“Impossible?” said Parker.

  The likelihood of his friends finding a swift means out of this mess seemed to be decreasing with every noisome whistle of Jack’s nose.

  “Yes,” said General Ramsey. “Impossible.” He turned to Parker. “Let’s take a walk.”

  “Just me?” Parker asked. He desperately wanted to remain with his friends, lest they find out firsthand what it meant to be taken care of as Jim had offered. Parker even wanted Colby to hang around.

  General Ramsey surveyed each of them in turn. He narrowed his eyebrows and squinted his eyes as if he’d misplaced his eyeglasses. Parker could feel the anticipation pouring out of Sunny and Bubba. Colby sat stiff and upright in the black leather chair at the head of the conference table. He looked worried.

  “For the time being,” began General Ramsey, “I think it best if,” he paused mid-sentence and Parker wanted to kick him in the shins, “your little friends . . .,” General Ramsey grinned, “accompany us. For now.”

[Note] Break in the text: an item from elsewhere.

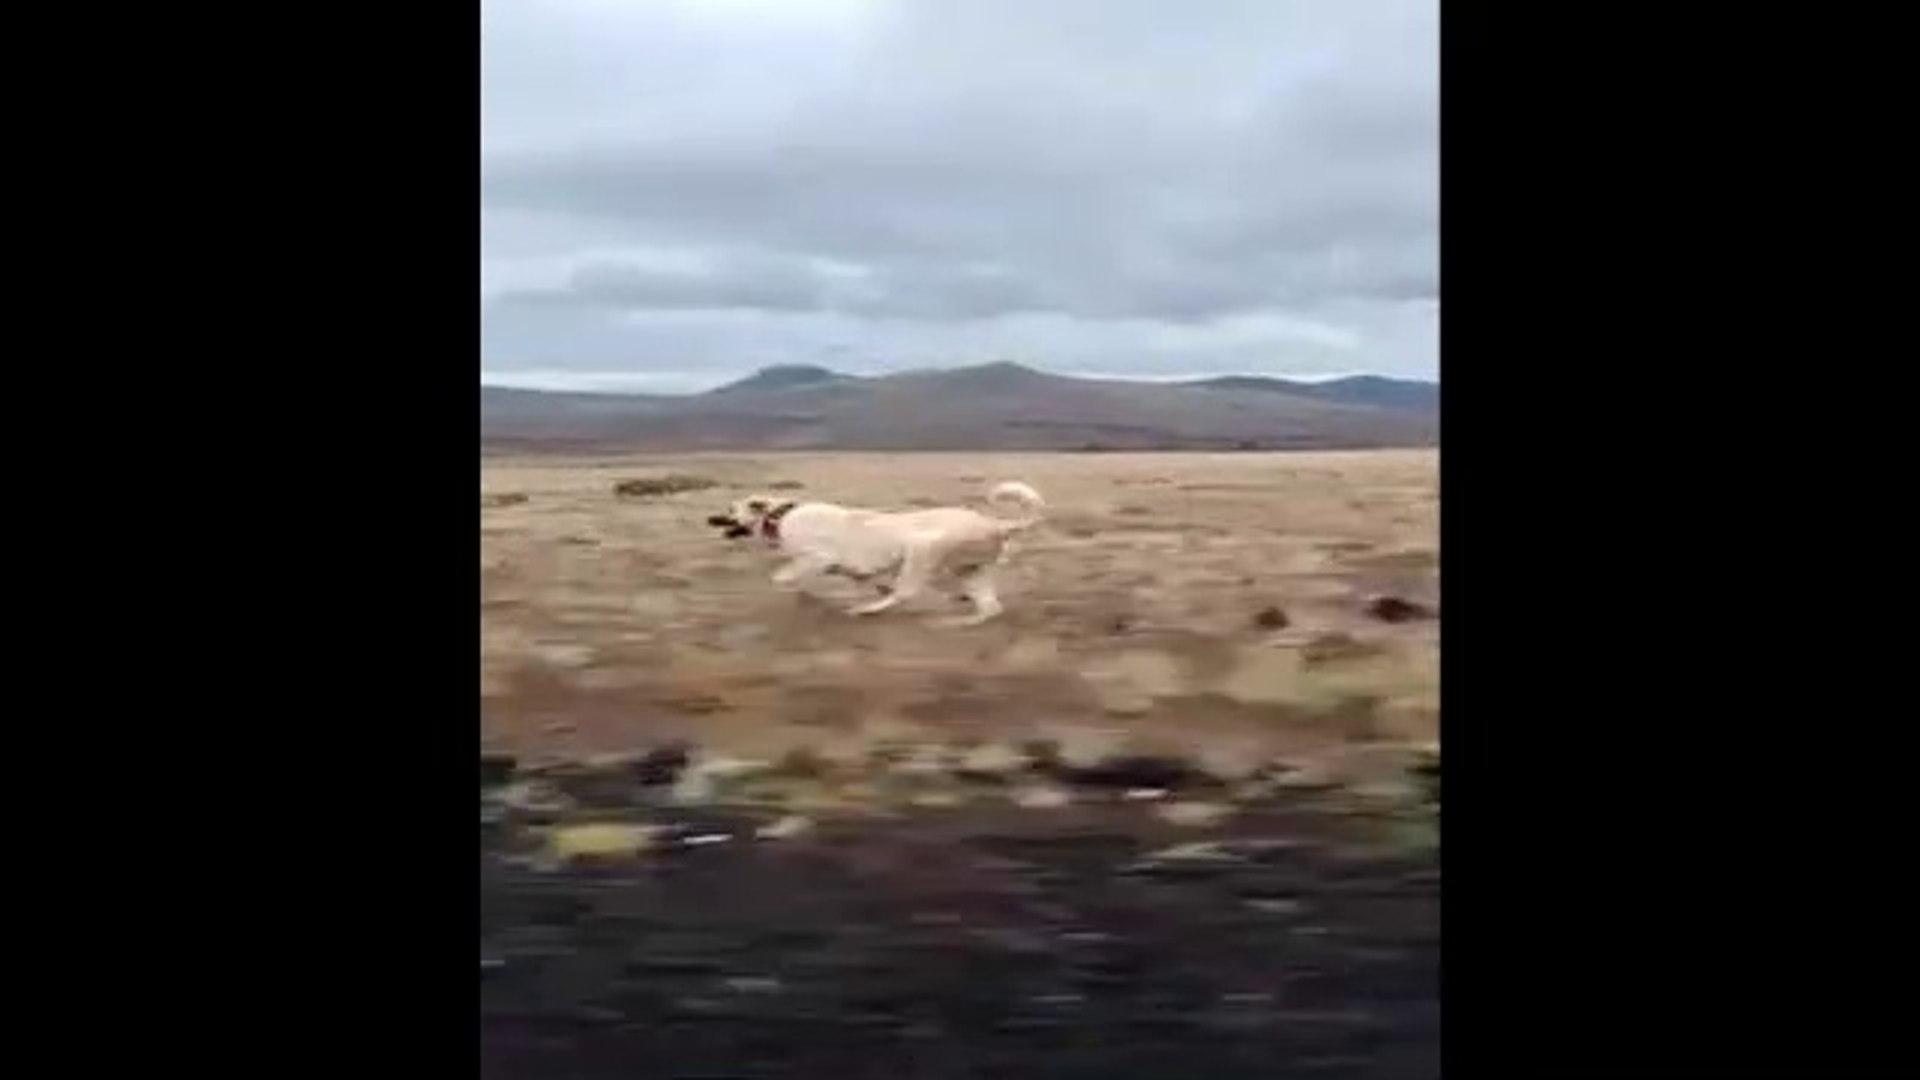 YARIS ATI MiSALi ANADOLU COBAN KOPEGi - ANATOLiAN SHEPHERD DOG EXERCiSE

  Parker exhaled, as did Sunny and Bubba. Colby leaned back in his chair. Even the four suited men standing nearby looked relieved.

  “Mr. Kelly. Call up to the hangar,” said General Ramsey. “Tell them we’re on our way. Dismissed.”

  “Yes, sir!” In perfect unison Jim and the other men stepped back sharply and faced about, then departed through the various doors.

  “Follow me.” The General turned on his heel, spinning around to face the opposite direction just as the other men had. Parker wondered if the maneuver was meant to impress or if it were more the result of the intense training and deeply ingrained discipline required to fight for freedom. He envisioned his dad, surrounded by empty streets and crumbling buildings. Sweaty in his dirty helmet and salty uniform. Holding his black assault rifle. Snapping off a sharp salute, then turning on his heel as the General had, leading a swarm of proud American teenagers into battle. Into the smoke and fear of a deafening gunfight. The tireless struggle for freedom.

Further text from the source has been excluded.